> PROBLEM DETAILS: A faithful copy of the data below is required, leaving out every picture.

> DATA SECTION:
╔══
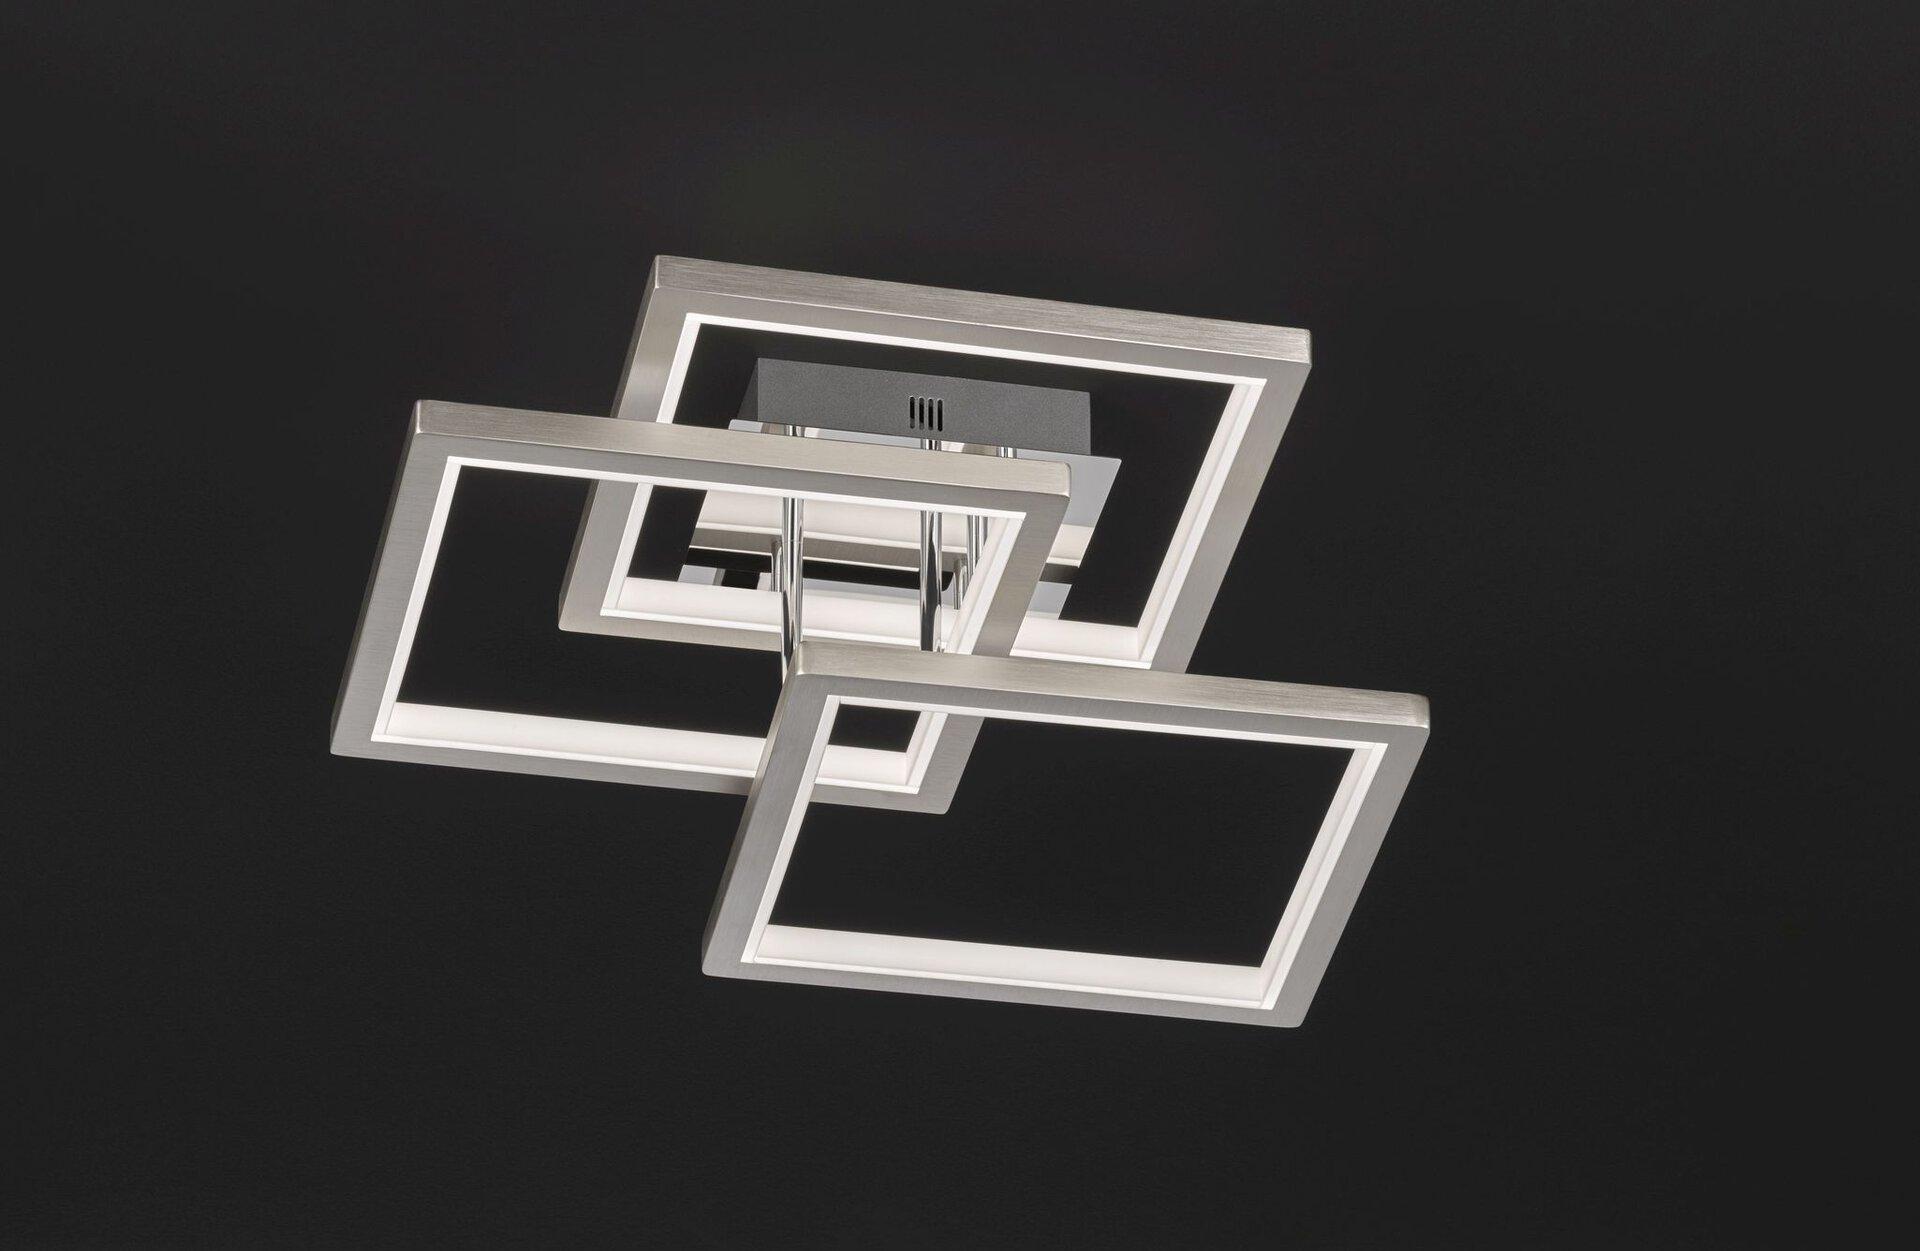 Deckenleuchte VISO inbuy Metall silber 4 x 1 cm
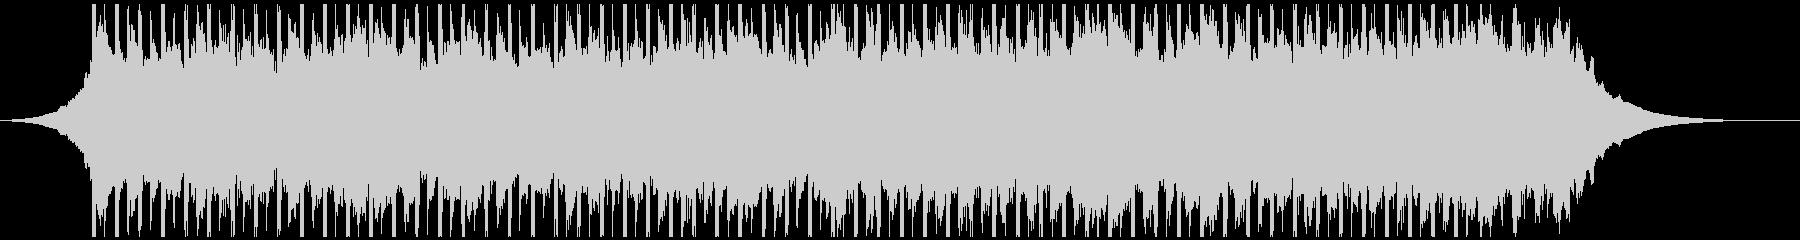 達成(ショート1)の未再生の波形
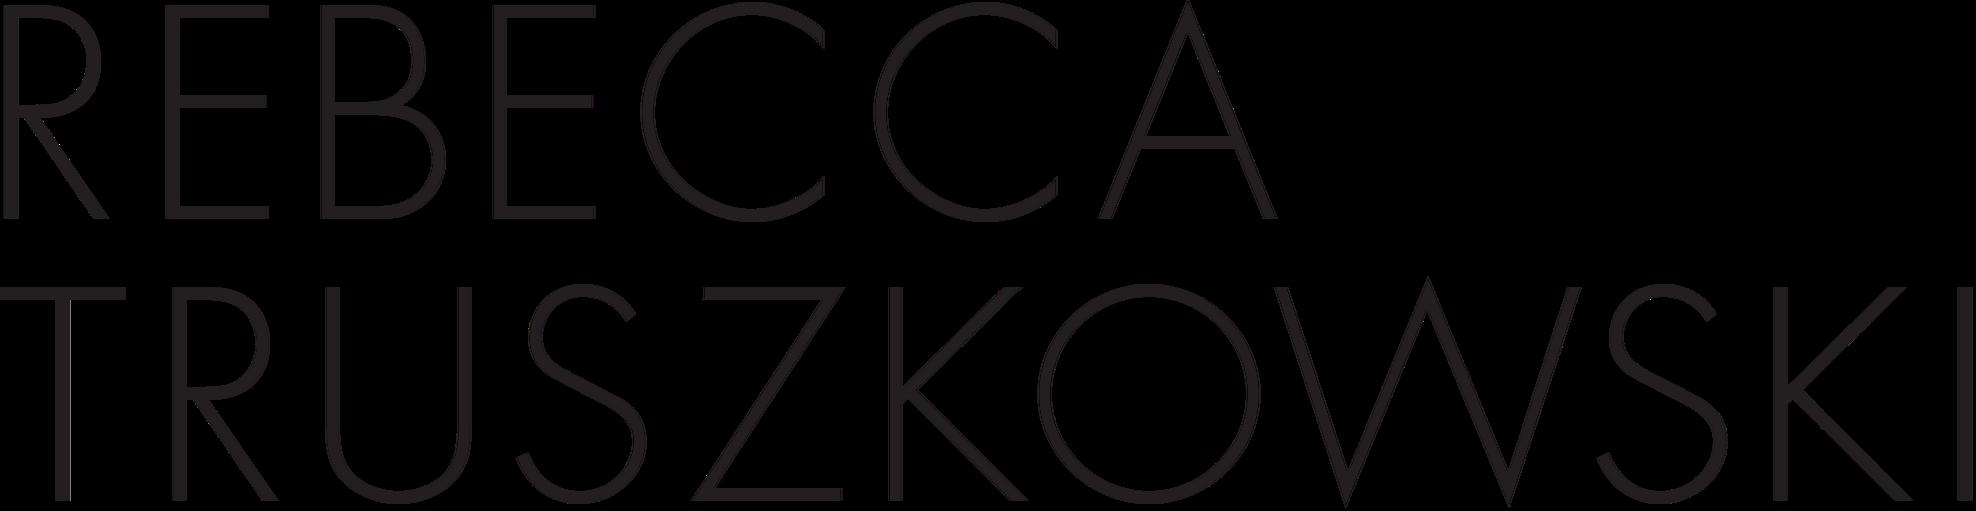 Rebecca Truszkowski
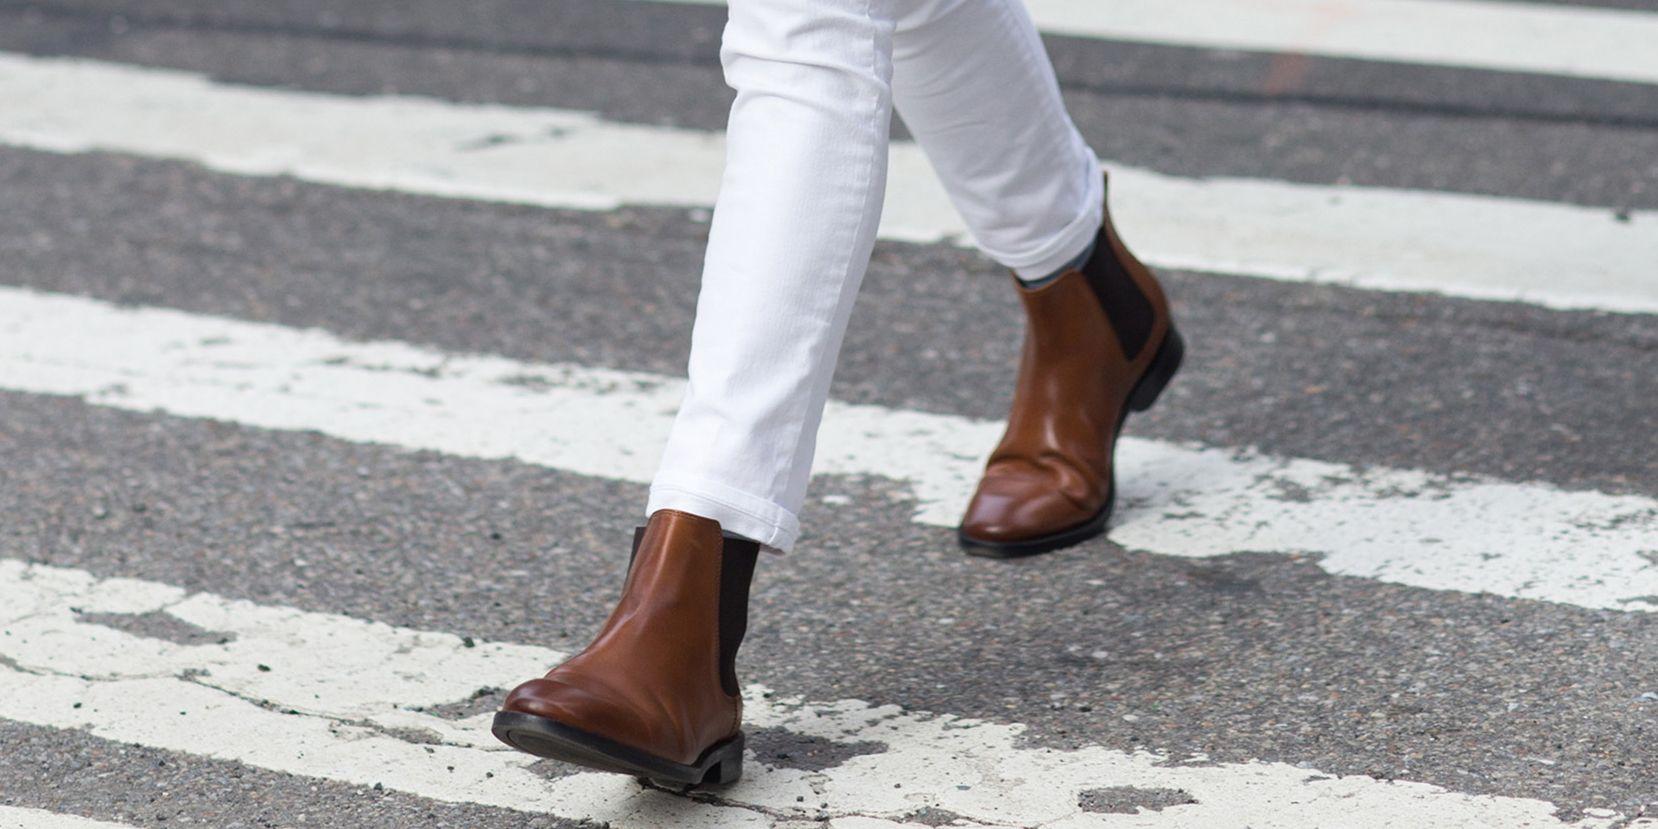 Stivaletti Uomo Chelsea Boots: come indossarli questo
╚══
> REPLY:
 Deckenleuchte VISO inbuy Metall silber 4 x 1 cm
 達成(ショート1)の未再生の波形
 Rebecca Truszkowski
 Stivaletti Uomo Chelsea Boots: come indossarli questo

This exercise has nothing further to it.